US wary China’s new coast guard law could escalate sea disputes
State Department says language in the law could be used by Beijing to intimidate its neighbours in the region amid South China Sea tension.
The United States is concerned about China’s recently enacted coast guard law and that it could escalate maritime disputes and be invoked to assert unlawful claims, the US State Department said on Friday.
China, which has maritime sovereignty disputes with Japan in the East China Sea and with several Southeast Asian countries in the South China Sea, passed a law last month that for the first time explicitly allows its coast guard to fire on foreign vessels.

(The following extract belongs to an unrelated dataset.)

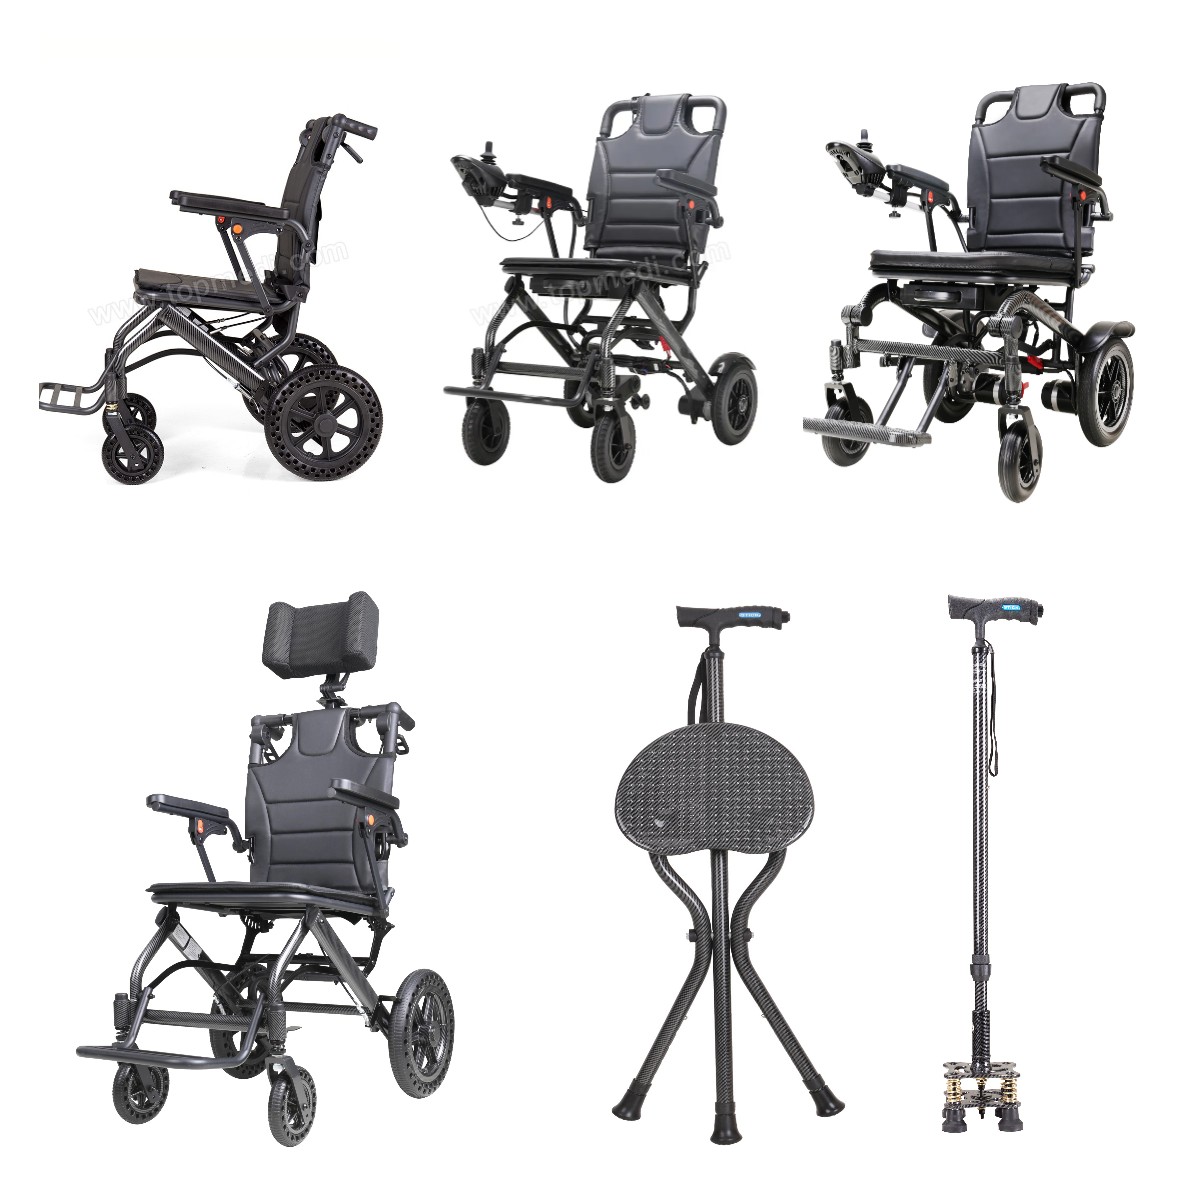 Introducing our latest carbon fiber transfer process – transforming the wheelchair industry

State Department spokesman Ned Price told a regular briefing that Washington was “concerned by language in the law that expressly ties the potential use of force, including armed force, by the China coast guard to the enforcement of China’s claims, and ongoing territorial and maritime disputes in the East and South China Seas.”
He said the language, “strongly implies this law could be used to intimidate [China’s] maritime neighbours.”
“We are further concerned that China may invoke this new law to assert its unlawful maritime claims in the South China Sea, which were thoroughly repudiated by the 2016 arbitral tribunal ruling,” he said, referring to an international ruling that found in favour of the Philippines in a dispute with China.
“We remind the PRC and all whose forces operate in the South China Sea that responsible maritime forces act with professionalism and restraint in the exercise of their authorities.”
Price said the US reaffirmed a statement last July in which then-Secretary of State Mike Pompeo rejected China’s disputed claims to offshore resources in most of the South China Sea as “completely unlawful”.
He added that the US “stands firm” in its alliance commitments to both Japan and the Philippines.
The South China Sea dispute was among the issues that US President Joe Biden discussed in his first call as American leader with Chinese President Xi Jinping.